Он не любил, когда я торчала перед зеркалом. Все взрослые не любят, когда дети это делают, а что, собственно, тут плохого? С годами я начала догадываться: есть вещи, которые нужно запрещать не для того, чтобы устранить их вовсе, а чтобы сократить. И, главное, начинаешь понимать, что существует понятие “нельзя”. Его нарушаешь, но не забываешь. <...>
Ему было очень трудно. До восьми лет меня воспитывала бабушка. Родители после долгих мучений и споров отвоевали дикую, замкнутую девочку, с одной стороны — избалованную, а с другой — не привыкшую к ласке, к доброму слову и спокойному тону.

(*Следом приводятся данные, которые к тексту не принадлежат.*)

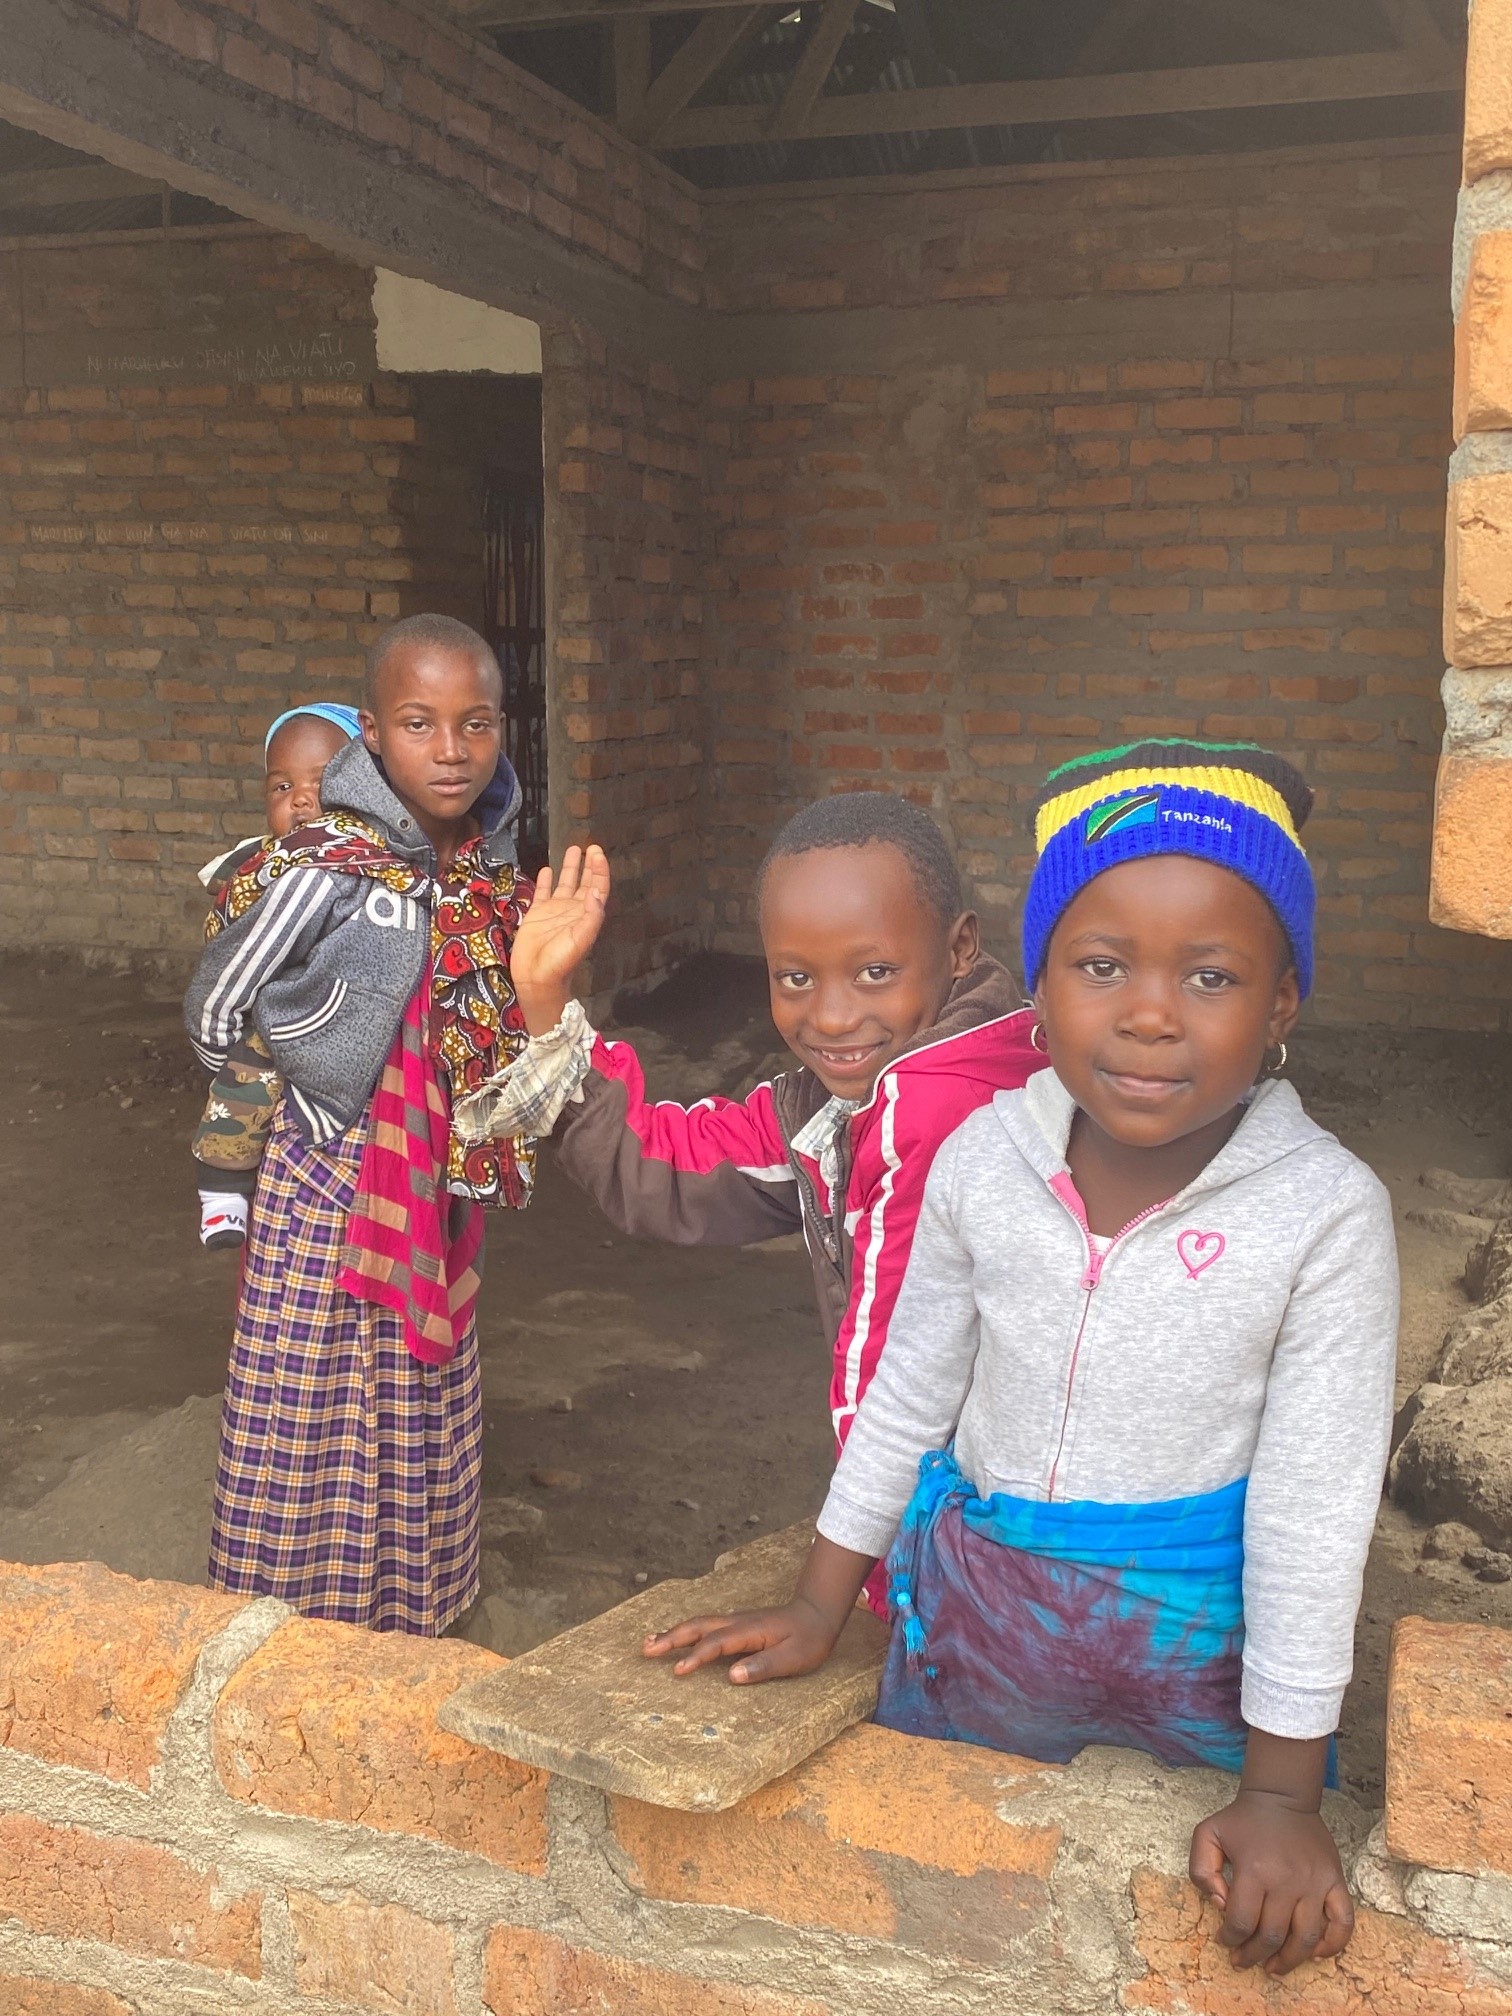 Project: Ondersteuning weeshuis Indonesië en Tanzania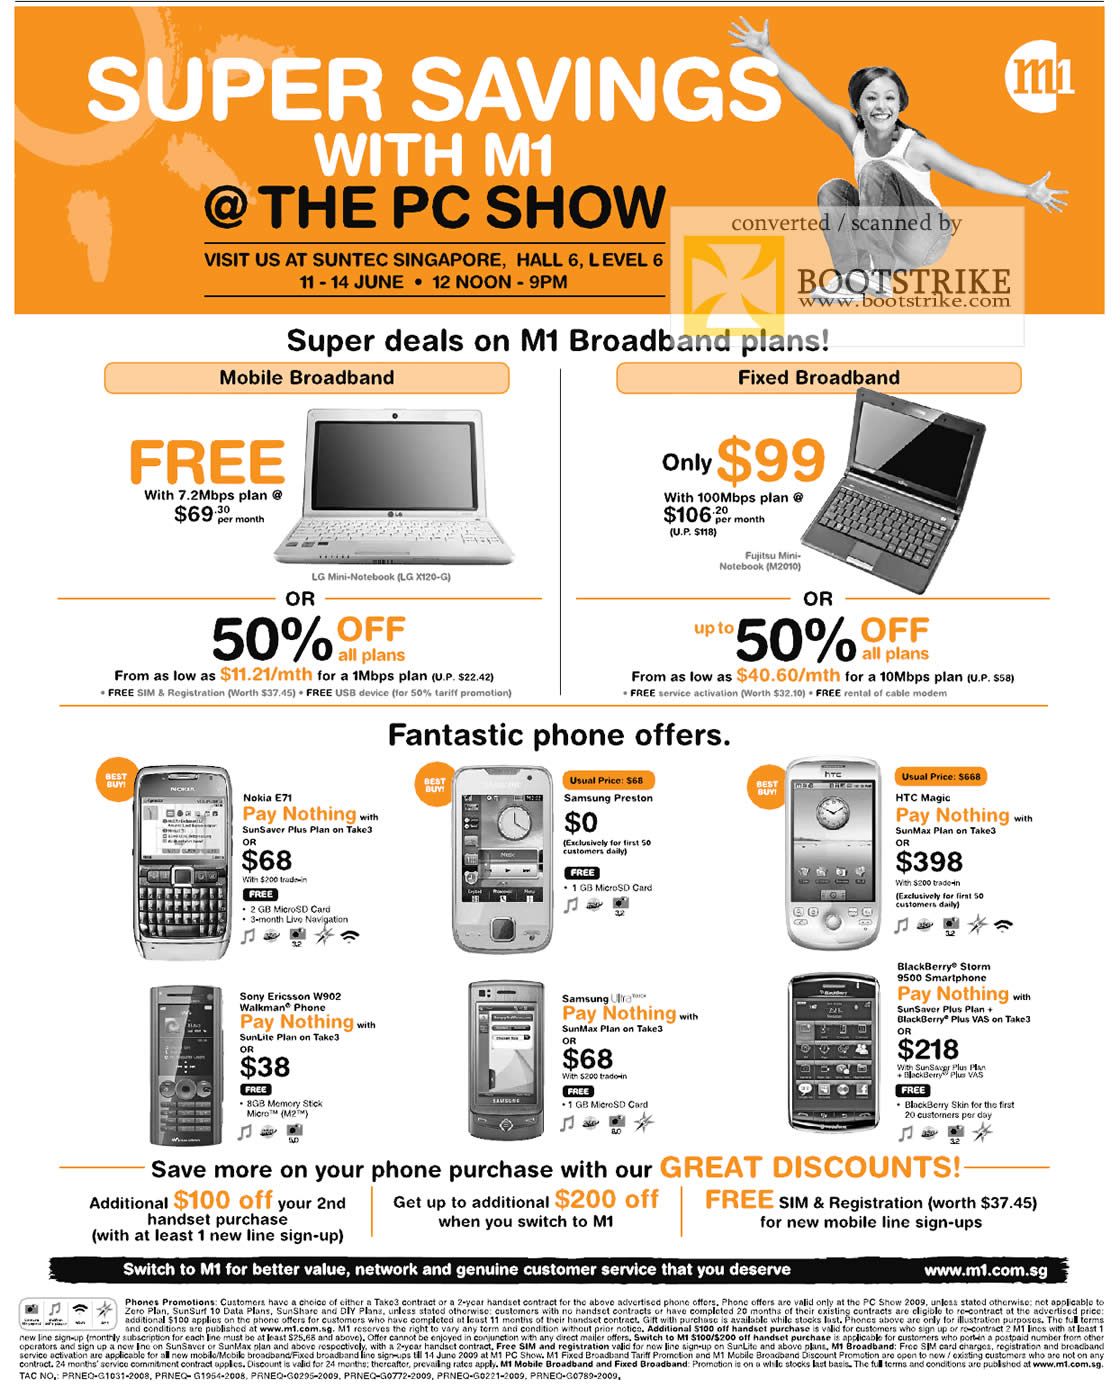 PC Show 2009 price list image brochure of M1 Phone Fixed Mobile Broadband Nokia Samsung HTC Blackberry Sony

Первое, что он сделал, когда взял меня, — заставил зажечь керосинку. Я не умела, и он кричал, что это позор. Потом мы поехали в Киев. Два билета были в мягком вагоне, один — в общем. Отец посадил нас с матерью в мягкий, сам пошёл в общий и бегал всю дорогу из вагона в вагон. В Киев он приехал с радикулитом — такого слова он не произносил, это называлось — прострел. Глядя из окна гостиницы, как он идёт читать лекцию, вытянув шею (она не поворачивалась) и вздрагивая от боли в пояснице, я впервые поняла, что один человек может пожертвовать многим для другого, если любит. <...>
Через год мы опять куда-то ехали. Я уже привыкла к отцу, была его созданием — он мог обращаться со мной, как считал нужным. Снова попался один билет в жёстком, два в мягком. Теперь он отправил в жёсткий меня, спокойно заметив: ты ещё не заслужила мягкого, а я уже заслужил.
Но в первое время нашей общей жизни родителям пришлось не столько воспитывать, сколько перевоспитывать. Я всего боялась. Мать водила меня в Михайловский сад и заставляла влезать на шведскую стенку. Если я отказывалась наотрез, мать грозила, что расскажет отцу. Он каждый день спрашивал: “Ну, влезла?” Иногда мать скрывала мою трусость. В конце концов они добились — я преодолела страх.
Как-то зимой я шла из школы, было темно. Несколько больших девочек затолкали меня в парадную, отняли все деньги — копейки, конечно, — и вдобавок избили. Я пришла домой зарёванная. Отец оглядел меня с отвращением и заявил, что пора научиться не реветь, а давать сдачи.
Через несколько дней я встретилась во дворе с компанией взрослых парней, у одного был молоток, он легонько стукнул меня этим молотком по шапке — возможно, даже с симпатией. Я вырвала молоток, вскочила на поленницу и уложила парня на месте. К счастью, он тоже был в меховой шапке и довольно быстро оклемался. Но меня всё-таки привели в милицию, вызвали отца, и он спокойно объяснил, что в данном случае, конечно, не следовало бить молотком, но вообще именно он научил меня драться и готов нести любую ответственность.
Здесь, вероятно, надо объяснить, почему я пишу об отце и мало упоминаю о матери. Отец тоже, когда рассказывал о своём детстве, мало упоминал о своей матери. Такова была семейная традиция: воспитанием детей руководил мужчина. Правильно это или нет — не знаю. Но так сложилось. И для меня главным лицом, высшей инстанцией всегда был отец. <...>
Когда шёл дождь, взрослые играли в карты; меня тоже научили. Но боялись, что, увлёкшись игрой, я перестану заниматься уроками. Вообще, как я думала тогда, они ничего не боялись: позволяли допоздна бегать по двору с мальчишками, гонять на самокате по улицам. Теперь понимаю: конечно, беспокоились. Но действовала продуманная система — надо было перебороть мою замкнутость, застенчивость, боязливость. Пожалуй, здесь даже перегнули палку: к началу войны я стала отчаянной сорвиголовой. <...>
Родители поменяли квартиру. Мы переехали из центра на край света — по довоенным понятиям, без телефона, потому что отец считал: девчонке нужна отдельная комната. В эту комнату он не входил без стука: мало ли что я делаю — нет, вовсе не запрещённое или стыдное, этой мысли он не допускал. Но человек, даже десятилетний, имеет право на какую-то свою, отдельную часть жизни, в которую лучше не заглядывать. Я писала то дурацкие стихи, то пьесу с героями, заимствованными у Вальтера Скотта. Никто не смотрел в эти писанья.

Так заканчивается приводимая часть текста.